Bij brief van 8 november 2016 hebben een aantal oud-bestuursleden van de DAL een brief aan het bestuur van De Wissel gezonden. Zij schrijven dat [C] bereid was gevonden om zonder geldelijke vergoeding de DAL bij te staan. Over de 'side letter' schrijven zij, voor zover relevant:
(…)
Toen het einde van deze onverkwikkelijke zaak nog niet in zicht was, vertelde onze als mediator aangetrokken partij, in casu [C] [de rechtbank begrijpt: [C] ], dat, indien wij niet aan zijn voorwaarden voor een tegenprestatie zouden voldoen en dit bestuurlijk bovendien schriftelijk te bekrachtigen, hij zich per direct uit deze onderhandelingen zou terugtrekken. Dat zou betekend hebben, dat wij dus zelf de schuldeisers te woord zouden moeten staan en de onderhandelingen zouden moeten voeren, terwijl we absoluut niet eens inzichtelijk hadden wat er inmiddels al door [C] was afgesproken. Dat zou onze zakelijke positie in de onderhandelingen in ernstige mate verzwakt hebben en de uitkomst daarvan zeer onzeker hebben gemaakt.
(…)
Ook wisten we, dat indien onze mediator [C] zich op dat moment zou terugtrekken, dit desastreuse gevolgen kon hebben voor onze goodwill naar de schuldeisers toe en hun bereidheid die zij tot dan toe hadden getoond om met de DAL mee te werken om tot een goede oplossing van de problematiek te komen. Het gaf ons in ieder geval het nare en onontkoombare gevoel dat we eigenlijk geen enkele andere keuze hadden dan onder deze dwang en dreiging het 'wurgcontract' te ondertekenen en hoopten, eigenlijk door het latere handelen van [C] , dat deze schuld, tegen beter weten in, uiteindelijk niet betaald zou hoeven worden.

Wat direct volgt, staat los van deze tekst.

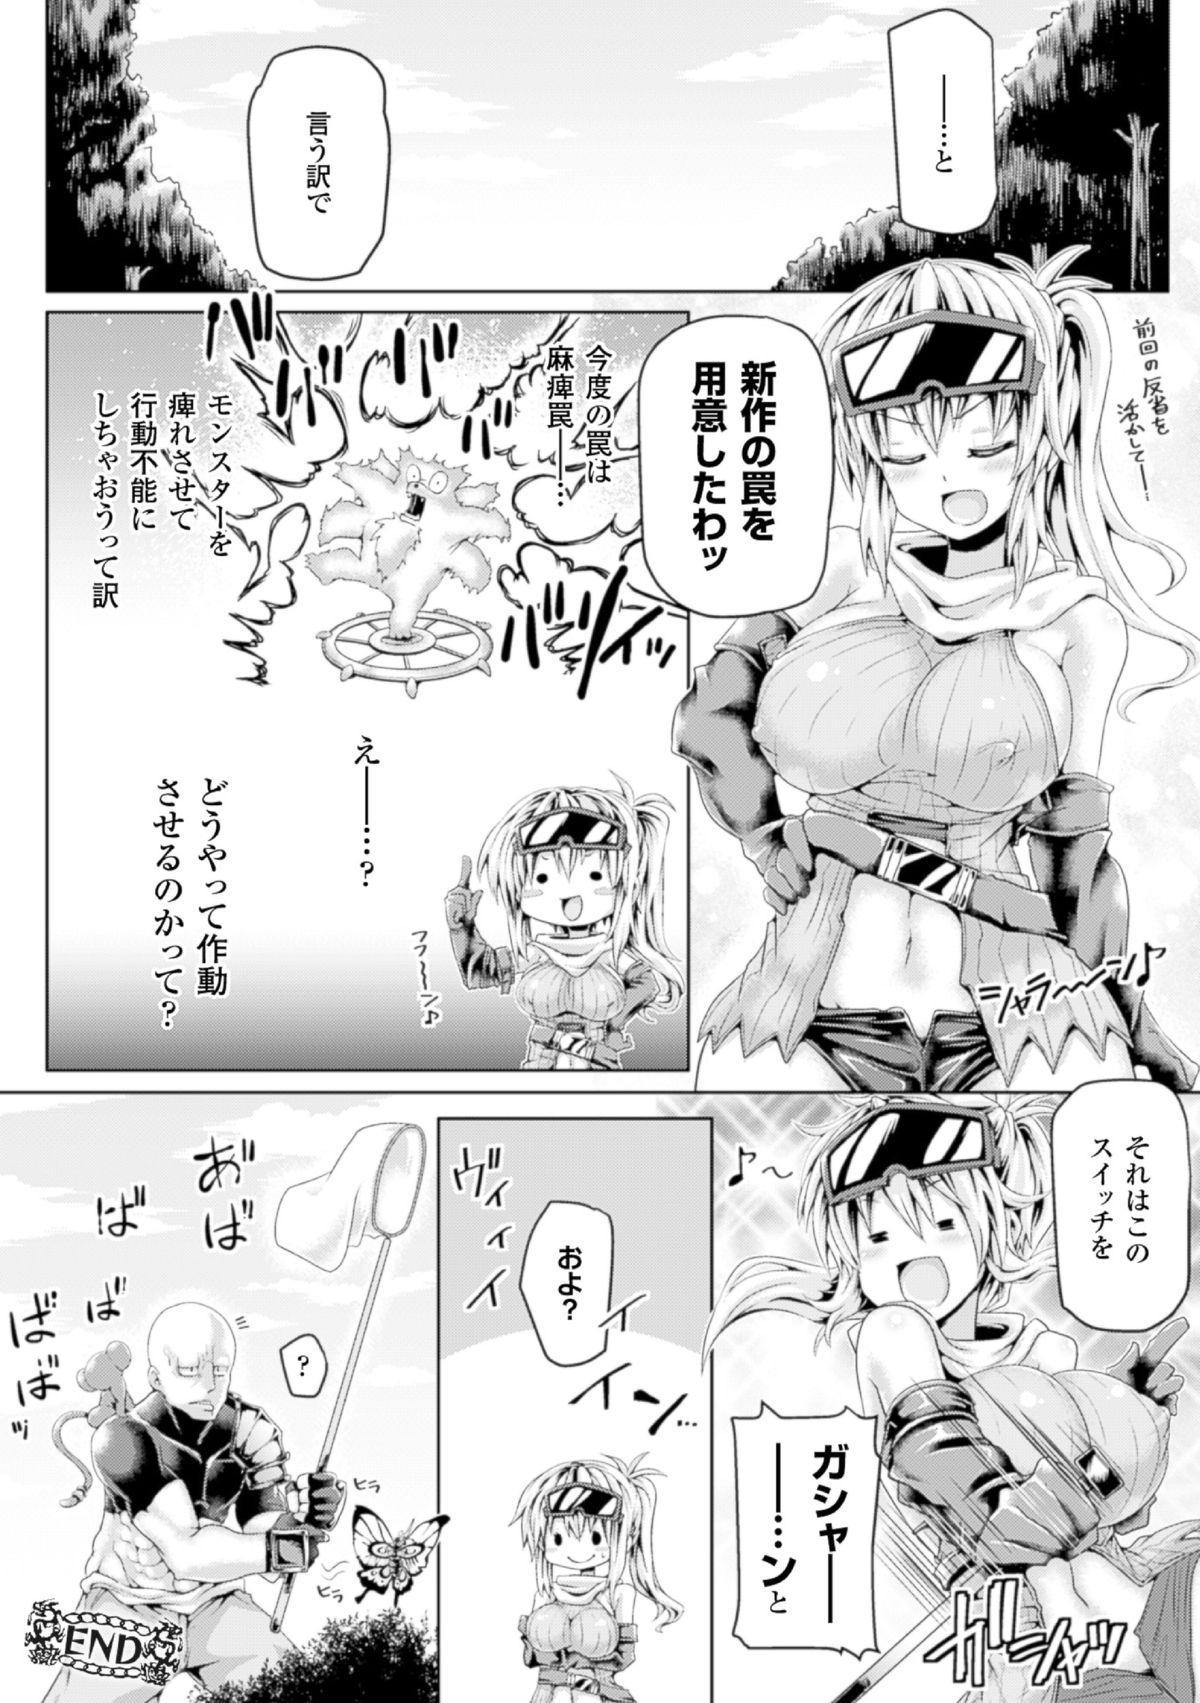 2D Comic Magazine Hunter Heroine AntholoG Vol.1 21

Er werd ons van zijn kant verzekerd, dat dit niet het zwaard van Damocles was, terwijl dit voor het bestuur wel degelijk zo aanvoelde, zeker wanneer er bestuurlijke beslissingen genomen moesten worden. Iedere bestuursvergadering werd geleid door [C] in zijn hoedanigheid van mediator en beslissingen werden (gevoelsmatig) gedicteerd. Dit voelde ook steeds meer als een strop die om onze nekken werd aangetrokken, wanneer je zelfs ook maar een andere mening was toegedaan dan de zijne. Wij hadden [C] in de positie gezet van 'voorzitter van de Raad van Toezicht' en er waren op dat moment helaas nog geen andere kandidaten voor de RvT aanwezig en de overtuiging bestond, dat datgene wat tijdens de bestuursvergaderingen besproken werd altijd eerst zijn goedkeuring moest hebben. Want hij had, zo gaf hij naar eigen zeggen telkens weer aan, de macht om ons als bestuur te ontslaan. (…)
2.10.
In de periode september 2016-juni 2017 hebben het toenmalige bestuur van de DAL en medewerkers en bestuurders van De Wissel gesprekken gevoerd over een mogelijke overname door De Wissel van de (activiteiten van de) DAL. Deze gesprekken hebben niet tot resultaat geleid.
2.11.
Op 10 juni 2017 heeft de raad van toezicht het bestuur van de DAL geschorst. Bij e-mail van 28 juni 2017 heeft [C] namens de raad van toezicht aan de gemeente Leeuwarden en De Wissel bericht dat de DAL haar taken per 30 juni 2017 zal beëindigen. Voor zover relevant vermeldt de e-mail het navolgende:
(…)
Per 30 juni 2017 beschikt de DAL, zoals eerder aangegeven niet meer over afdoende middelen om de bedrijfsvoering te garanderen en zal zij derhalve gedwongen zijn haar bedrijfsactiviteiten te staken.
(…)
De dierenambulances:
Er is met Dierenlot dan ook afgesproken dat de twee Dierenlot-ambulances, nummers 285 en 342, op dinsdag 5 juli 2017 om 16 uur te Arkel dienen te worden afgeleverd, inclusief alle daarbij behorende bescheiden.
(…)
Het contract
Het staat de gemeente vrij om onderhandelingen met derde partijen te starten, de stichting DAL geeft middels dit bericht expliciet aan dat zij niet langer aan de op haar rustende verplichtingen - conform het gemeente-dienstverleningscontract - zal kunnen voldoen per 30 juni 2017.
2.12.
In een persbericht van 1 juli 2017 heeft [C] namens de raad van toezicht op de website van de DAL, voor zover relevant, het volgende bericht geplaatst:
(…)
Al 30 jaar wordt gepraat en onderhandeld over integratie, fusie, overname, innige samenwerking etc. etc..
(…)
Na in dit al 30 jaar durende proces eind juni 2017 opnieuw geconfronteerd te worden met zicht op:
- insolventie op basis van het reële banksaldo,
- het opnieuw volledig ontbreken van kasgelden over de afgelopen zes maanden
- bekende dips in de bedrijfsvoering welke voorkomen in de maanden maart/april en juni/juli, welke nogmaals in januari 2017 schriftelijk aan alle betrokken ketenpartners te kennen zijn gegeven, is nu ook weer de inmiddels achtste en meest recente deadline voor overname verstreken.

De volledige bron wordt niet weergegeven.